Forum Moderators: open
"Status: HTTP/1.1 200 OK
Date: Sat, 29 May 2004 10:05:39 GMT
Server: Apache/1.3.27 (Unix) (Red-Hat/Linux) FrontPage/5.0.2.2623 mod_python/2.7.8 Python/1.5.2 mod_ssl/2.8.12 OpenSSL/0.9.6b DAV/1.0.3 PHP/4.3.4 mod_perl/1.26
X-Powered-By: PHP/4.3.4
Connection: close
Transfer-Encoding: chunked
Content-Type: text/html"
Whereas here is the Server Header for a site that uses a completely different system which Google is indexing at a much faster rate:
"Status: HTTP/1.1 200 OK
Date: Sat, 29 May 2004 10:05:09 GMT
Server: Apache/1.3.27 (Unix) (Red-Hat/Linux) FrontPage/5.0.2.2623 mod_python/2.7.8 Python/1.5.2 mod_ssl/2.8.12 OpenSSL/0.9.6b DAV/1.0.3 PHP/4.3.4 mod_perl/1.26
Last-Modified: Fri, 21 May 2004 11:18:38 GMT
ETag: "3d621d-12ed-40ade58e"
Accept-Ranges: bytes
Content-Length: 4845
Connection: close
Content-Type: text/html"
Is the way my servers are 'talking' to Google putting him off? The site that is being indexed slower has many, many more inbound links and has been in the Google index for over two years. It's just that there's alot of advice floating around just now to 'Check your Server Headers' but I'm not sure what I'm supposed to be looking for.
This is just a theory of mine that supports what I have seen Googlebot do. I may of course be totally wrong.
If there's any truth that G favors static pages, this is something to be aware of.
DaveAtIFG makes a good point, more PR helps with crawling.
A quick server response also helps encourage Googlebot to fetch more pages during its time on the site.
The main benefit of the 'Last-Modified' header is that Googlebot can send 'If-Modified-Since' headers. If it asks for a page that hasn't changed then the server can send a 304 (not modified) response, allowing Googlebot to crawl deeper into the site instead of indexing the same pages again and again.
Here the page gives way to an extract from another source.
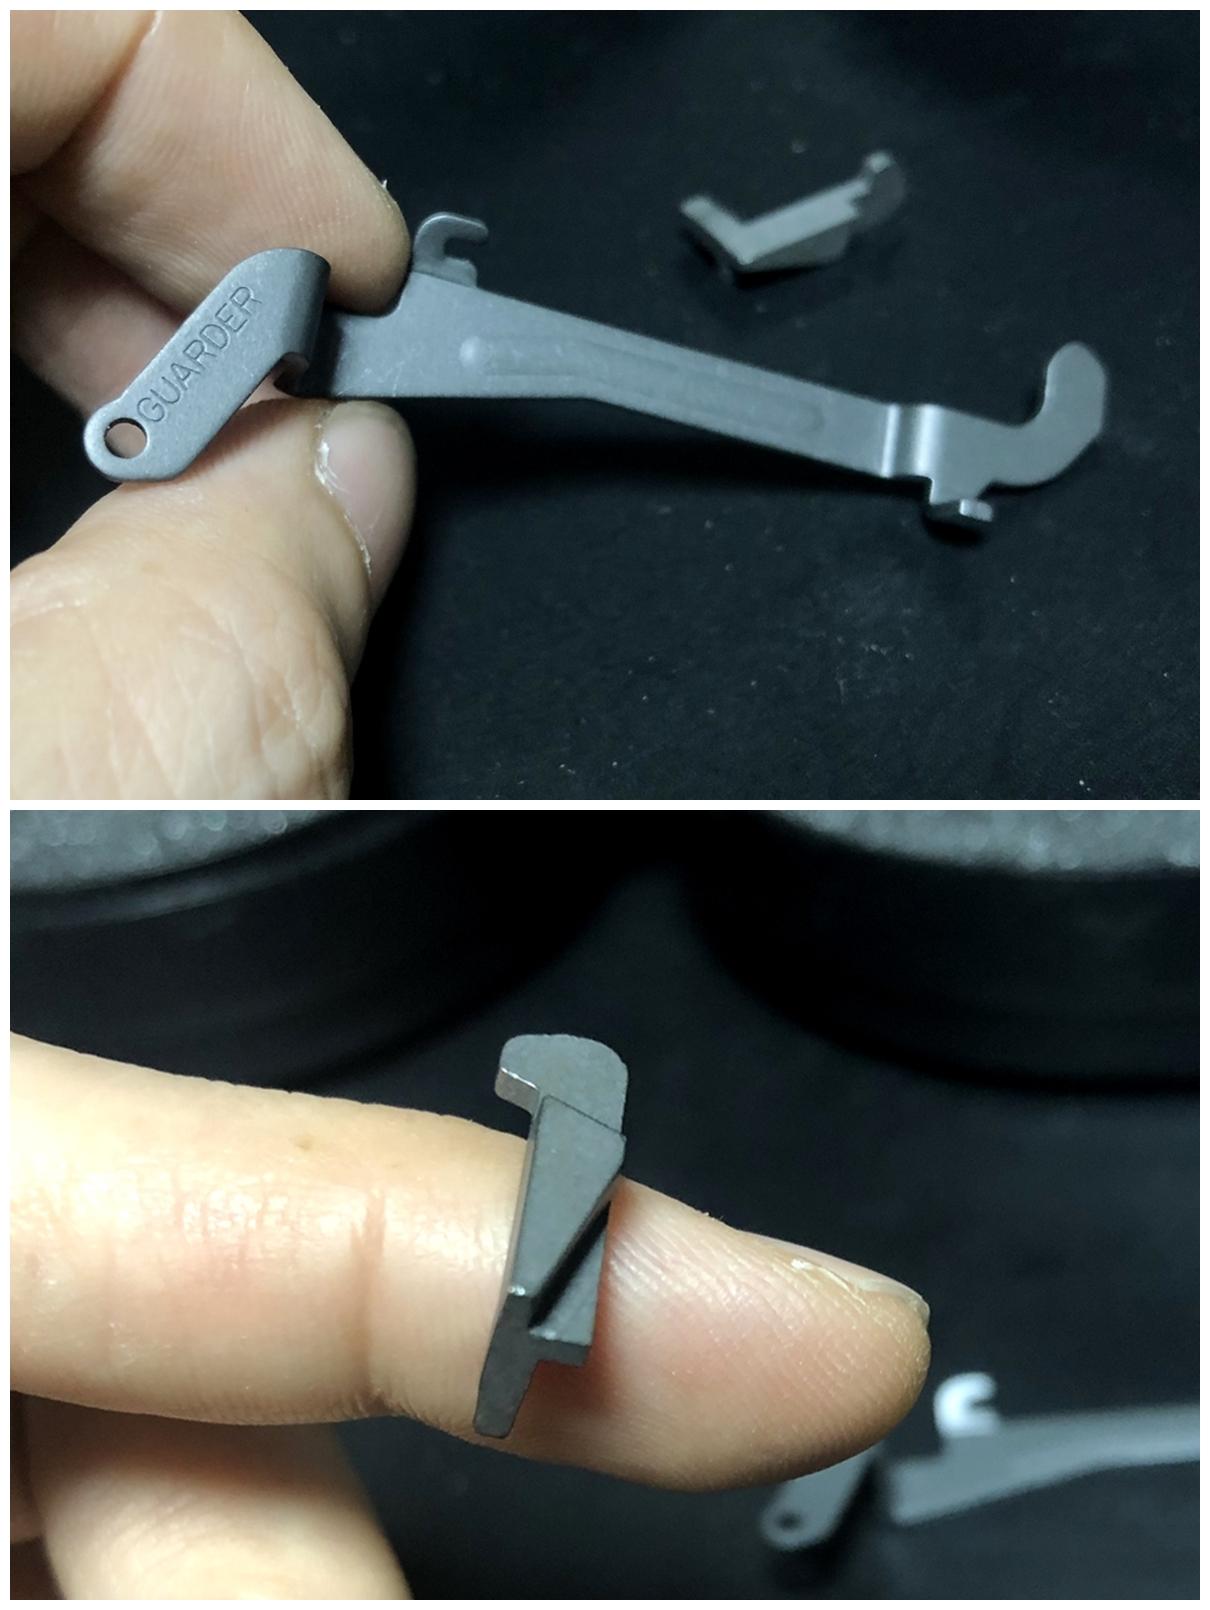 5 GLOCK 18C GBB スライドの動作不良を修理するぞ! GUARDER スチール トリガーバー & ガーダー スチール ノッカーロック 購入 分解 取付 修理 加工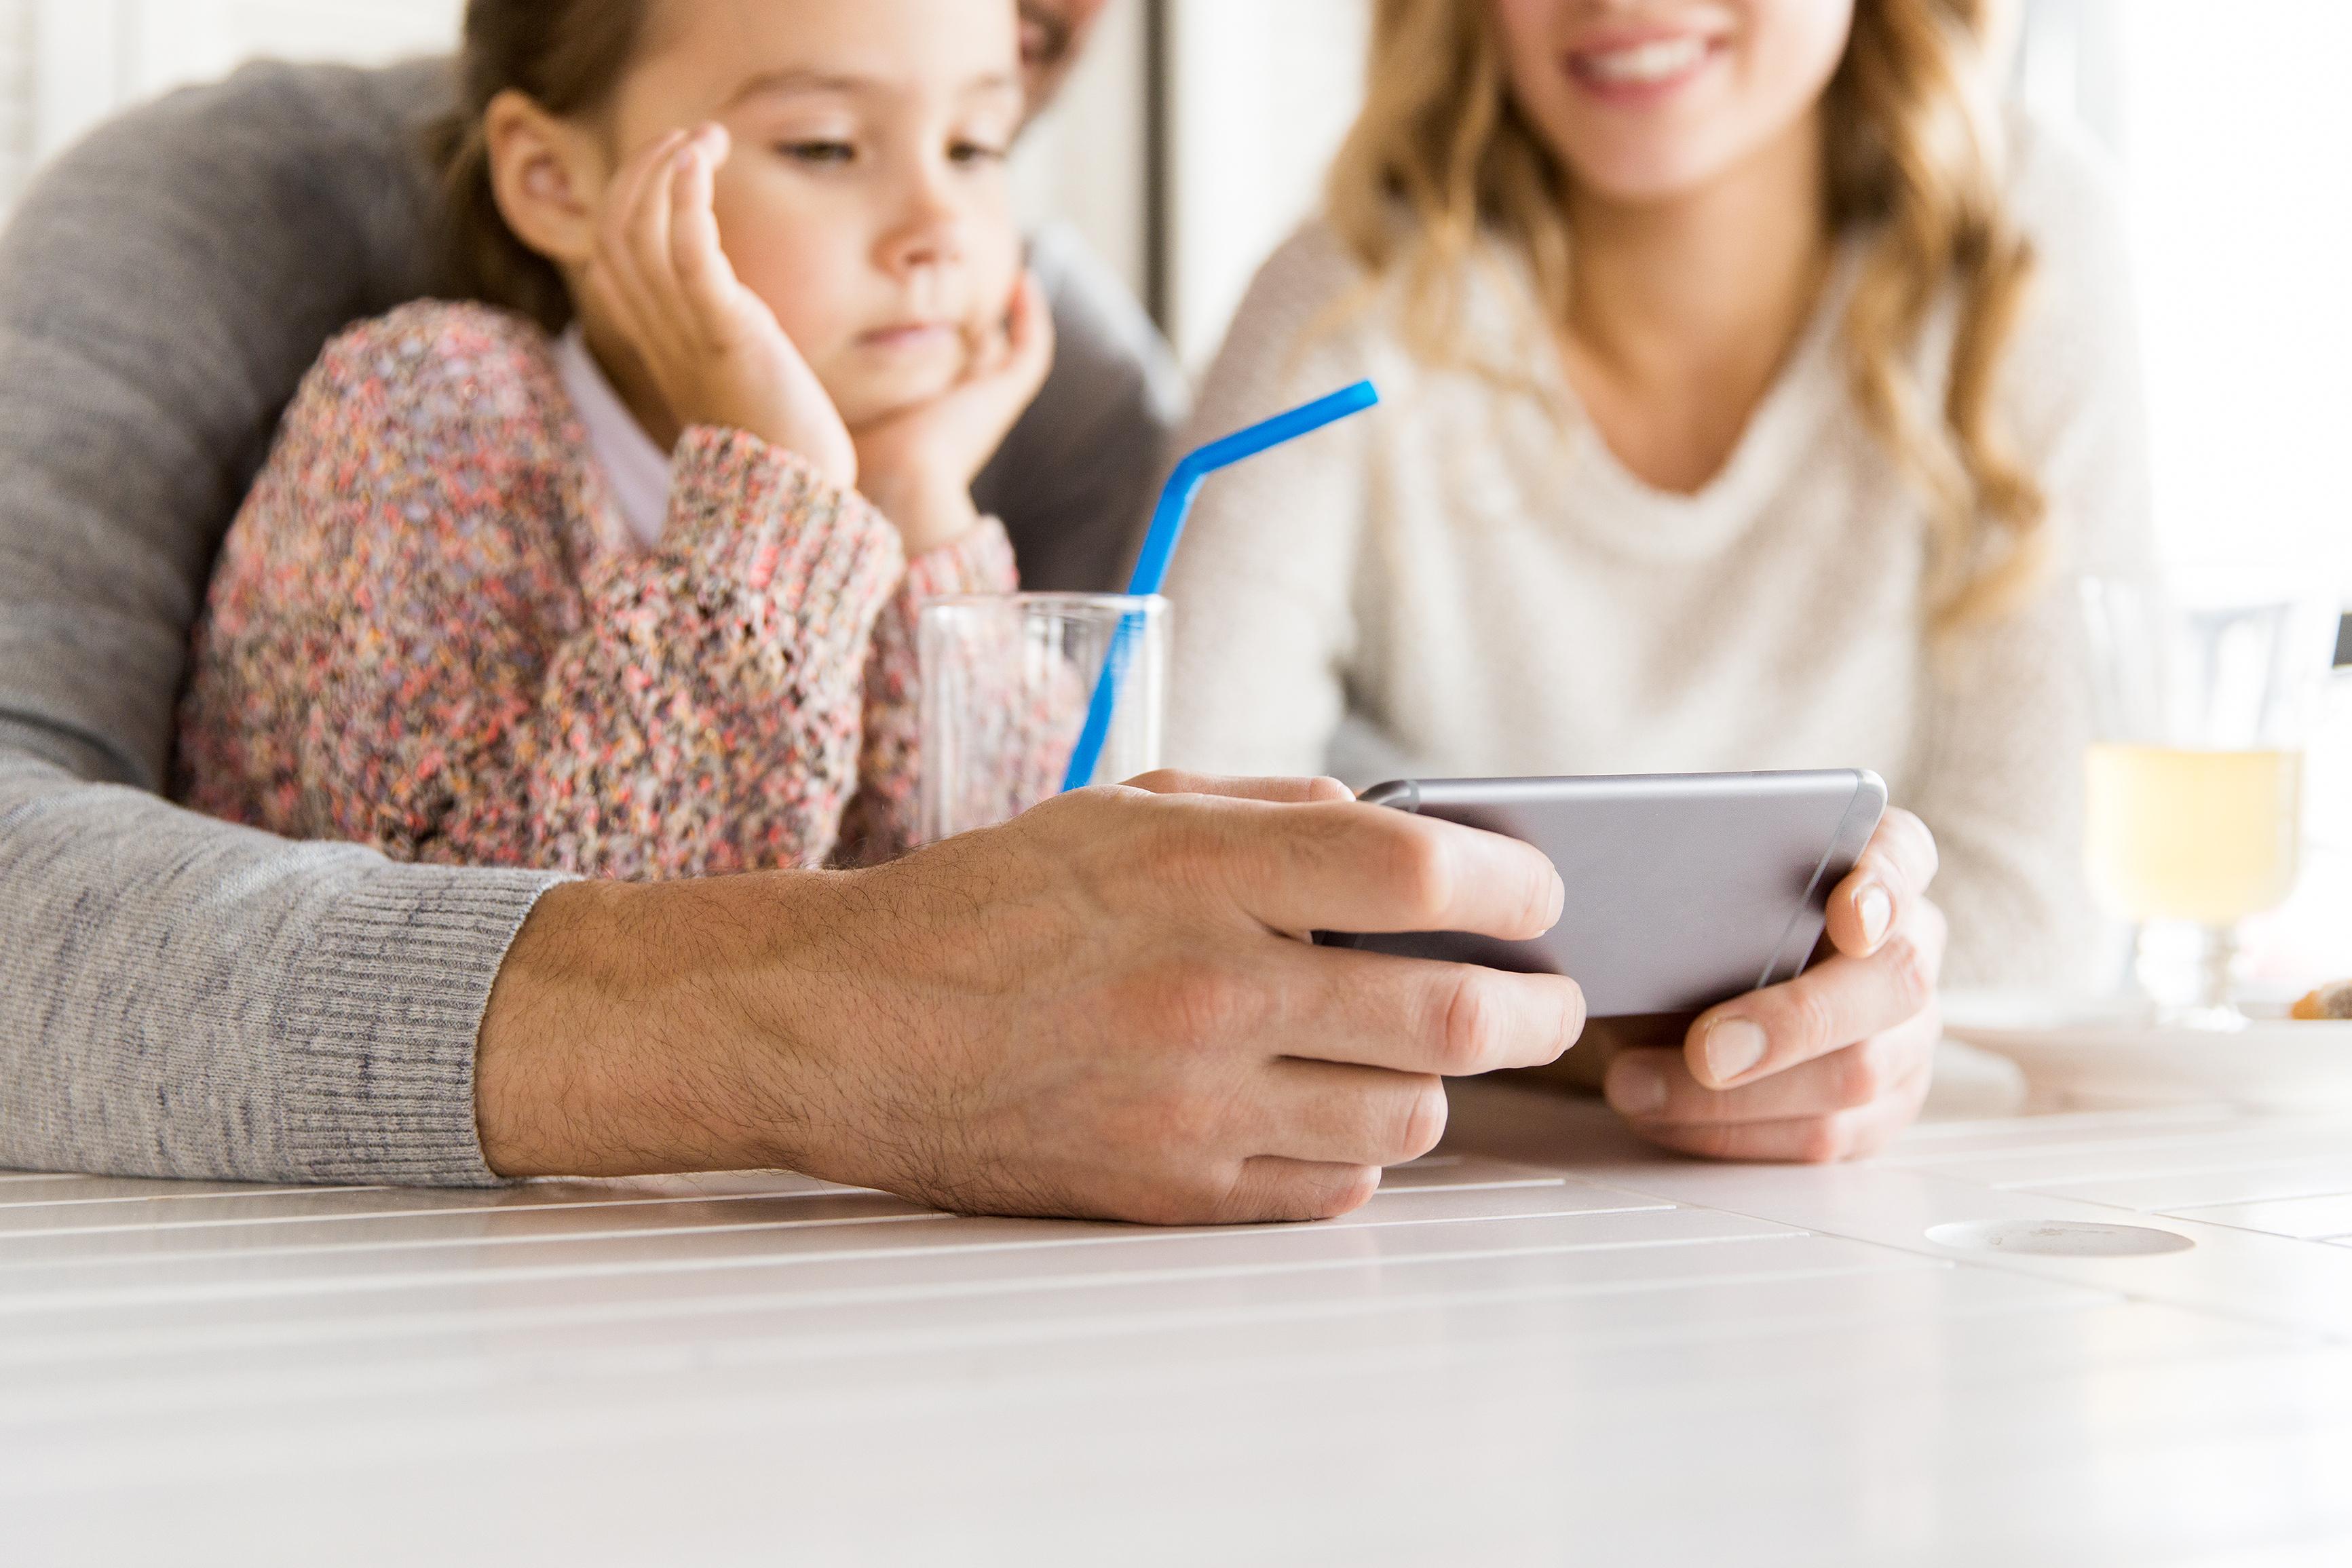 Den nya BarncancerAppen gör att alla närstående kan ta del av viktig – och alltid uppdaterad – information på ett snabbt och smidigt sätt.

Could this be due to simple PR differences between the sites? It's often reported that sites with higher PR are spidered more frequently.
No, the site that is not being crawled much is PR4 and the site that is being indexed really fast is PR0 (it has not yet been given a rank as it has only been in the index two months and Google hasn't done a PR update for ages).